The modeling choice behind every simulation. Left: the physical reality — a small region of atoms embedded in a vast environment. Right: we simulate the atoms explicitly and replace the environment with macroscopic boundary conditions (\(T\), \(P\), \(\mu\)). An ensemble is a specific choice of which conditions to impose.

Why is this conditioning valid? Because the environment is enormous compared to the system. When our 1,000 water molecules exchange energy with \(10^{23}\) surrounding molecules, the environment’s temperature barely changes — it acts as an effectively infinite reservoir. This separation of scales is what lets us replace a detailed atomistic environment with a single number (\(T = 300\) K). The same logic applies to pressure (the atmosphere is much larger than our simulation box) and chemical potential (the gas reservoir is vast compared to a surface).

But which macroscopic quantities can serve as boundary conditions? A system can exchange three things with its surroundings — energy, volume, and matter. For each, there is a quantity that equalizes at equilibrium, and that quantity is the natural boundary condition:

Exchange What equalizes Formal definition Intuition
Energy Temperature \(T\) \((\partial E / \partial S)_{N,V}\) Energy cost per unit of entropy gained
Volume Pressure \(P\) \(-(\partial F / \partial V)_{T,N}\) Free energy cost of expansion
Particles Chemical potential \(\mu\) \((\partial F / \partial N)_{T,V}\) Free energy cost of adding one particle

An ensemble is a choice of which of these to fix. It specifies a probability distribution over microstates, defined by which macroscopic quantities are held fixed (boundary conditions) and which are allowed to fluctuate. Different choices answer different questions:

  • Want to study an isolated molecule in vacuum? → NVE (fix energy)
  • Want to model a protein at body temperature? → NVT (fix temperature)
  • Want to match experimental lab conditions? → NPT (fix temperature and pressure)
  • Want to model gas adsorption on a surface? → \(\mu\)VT (fix temperature and chemical potential)

The Four Ensembles

The four standard ensembles. (a) NVE: an isolated system with fixed energy — thick insulating walls. (b) NVT: the system exchanges heat \(Q\) with a thermal bath at temperature \(T\). (c) NPT: heat exchange plus a movable piston maintaining external pressure. (d) \(\mu\)VT: heat and particle exchange with a reservoir at chemical potential \(\mu\) — the boundary is permeable.

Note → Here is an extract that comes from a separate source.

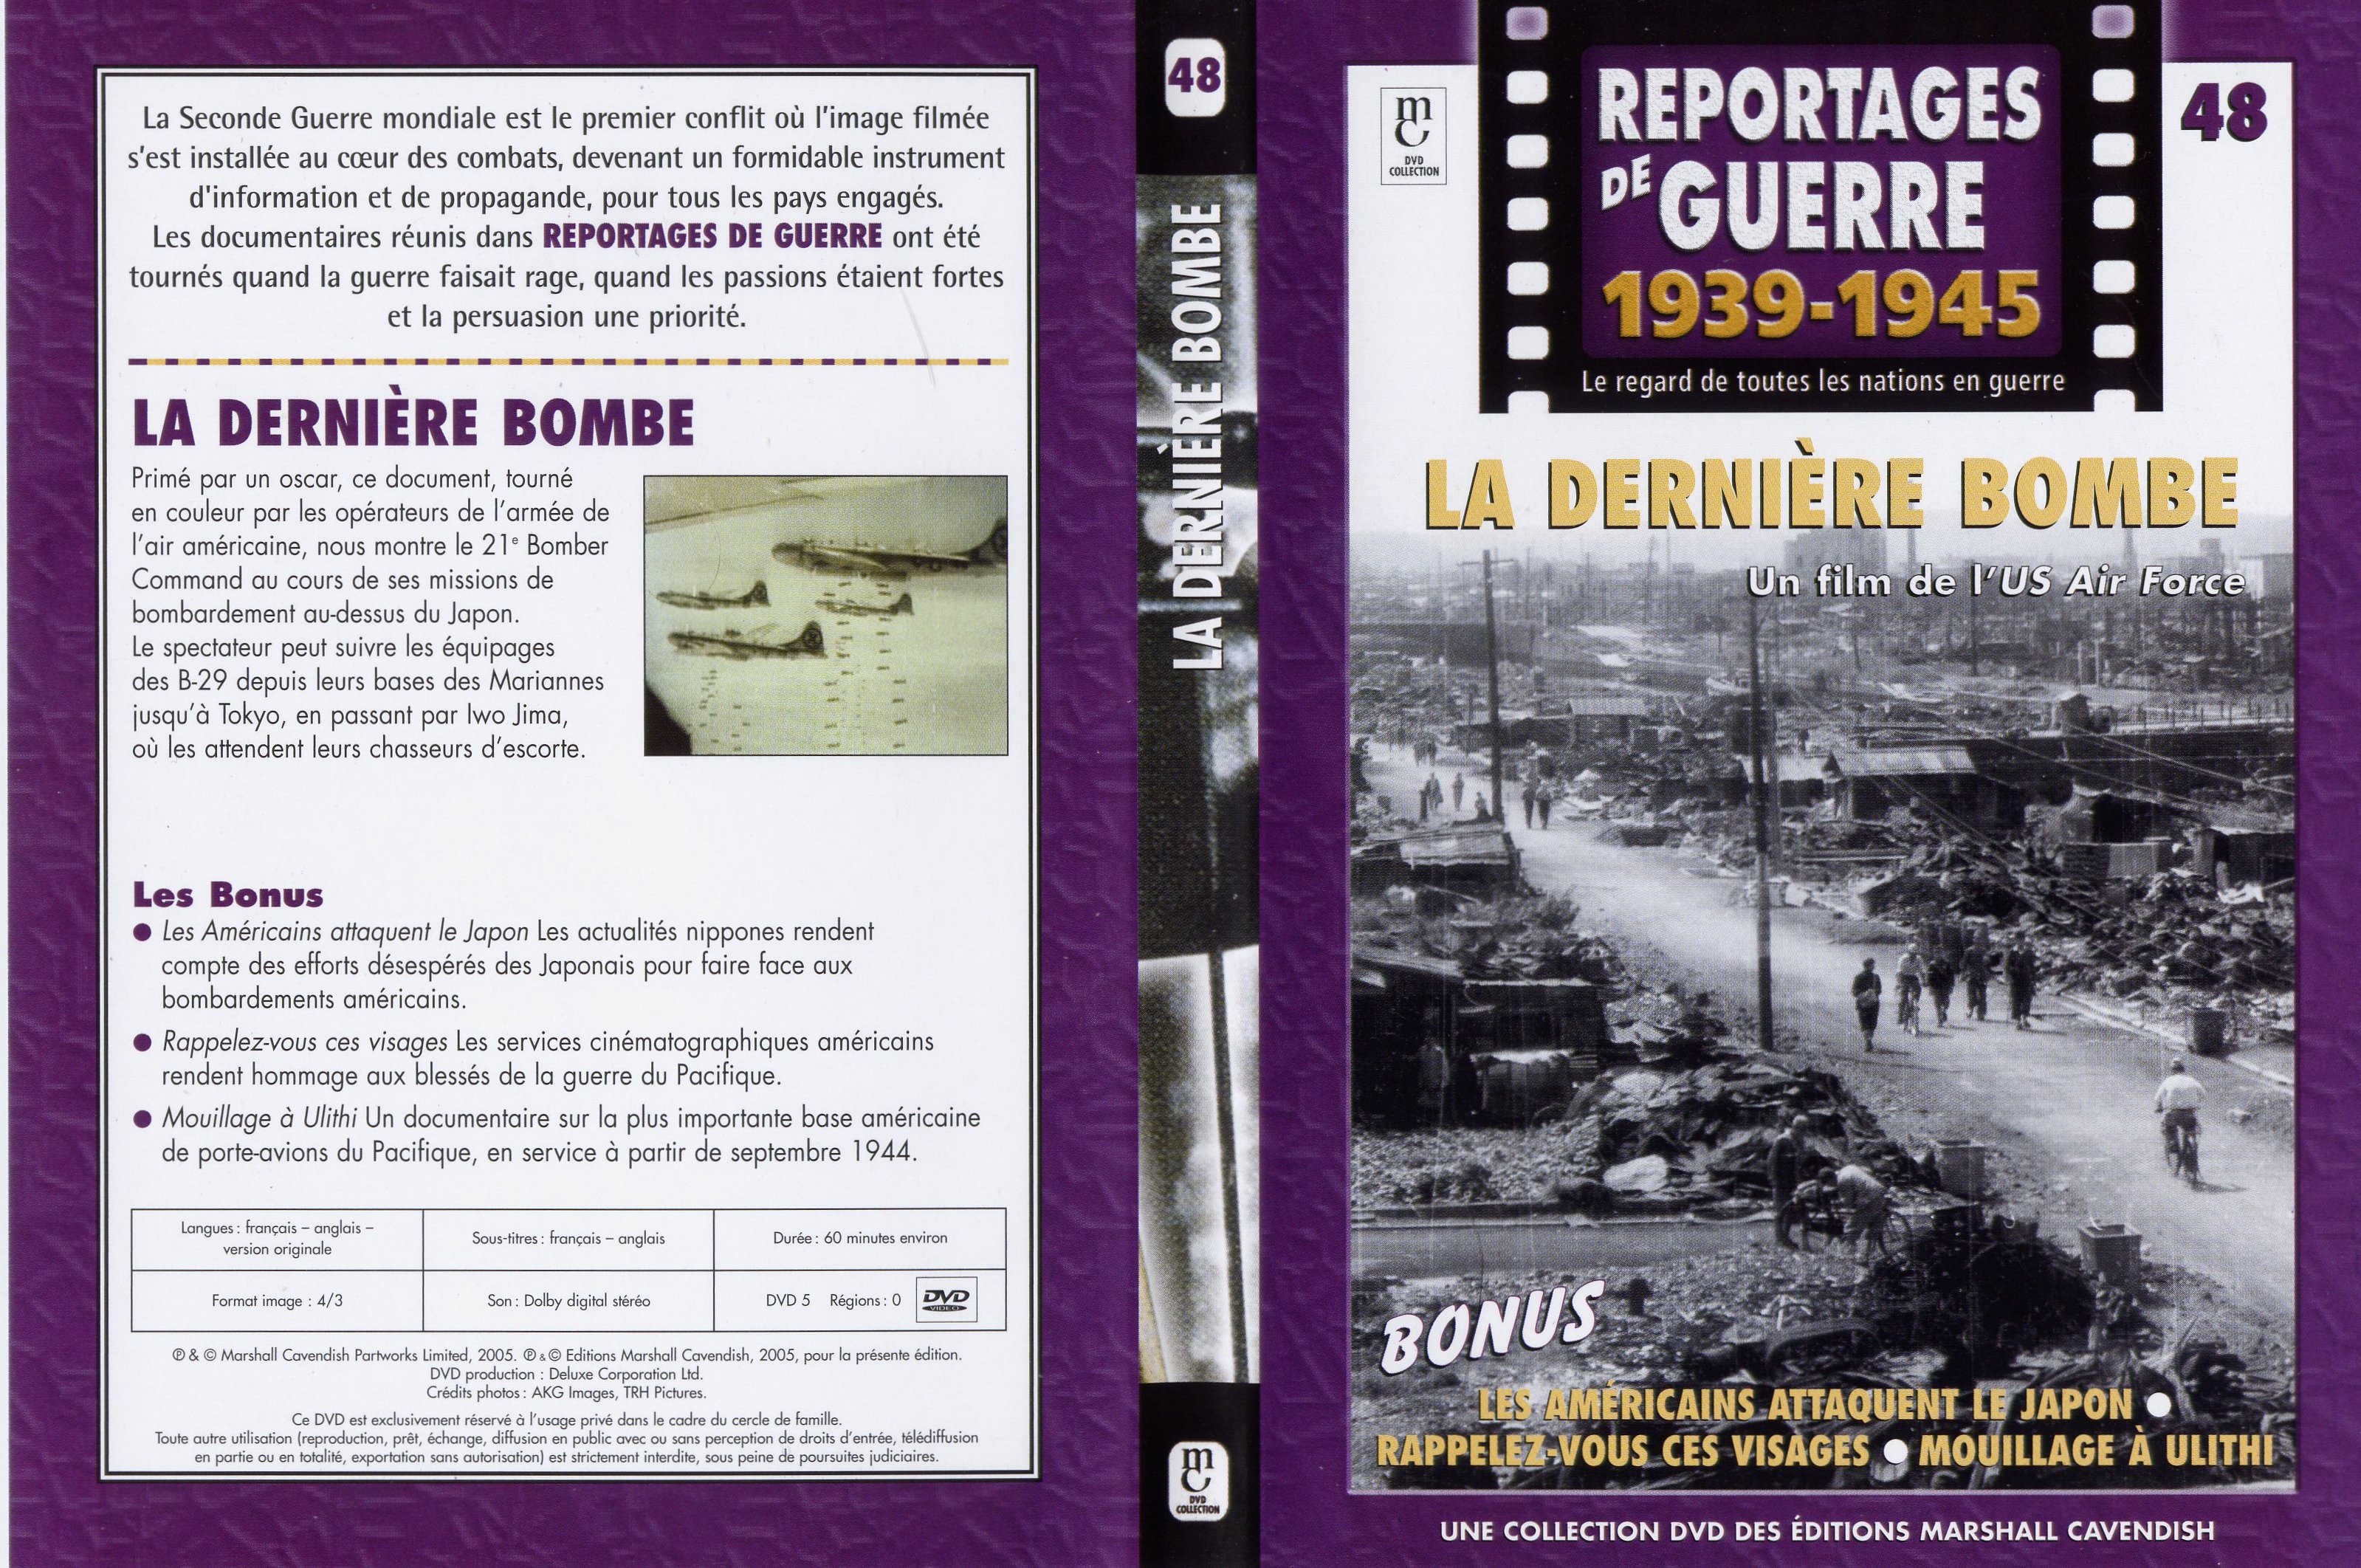 Jaquette DVD Reportages de guerre vol 48

Each ensemble is defined by its probability distribution over microstates. The naming convention tells you which macroscopic quantities are fixed — the letters are the boundary conditions.

NVE (Microcanonical). Fixed particle number \(N\), volume \(V\), total energy \(E\). The distribution is uniform over all microstates on the constant-energy surface:

\[p(\mathbf{r}^N, \mathbf{v}^N) \propto \delta\!\left(H(\mathbf{r}^N, \mathbf{v}^N) - E\right)\]

This is the simplest ensemble — all states with the correct energy are equally likely. It describes a completely isolated system: no energy enters or leaves. Plain molecular dynamics (Verlet integration) samples this distribution, because Newton’s equations conserve \(H\). However, NVE rarely matches experimental conditions, since real systems are not perfectly insulated — energy flows between the system and its surroundings.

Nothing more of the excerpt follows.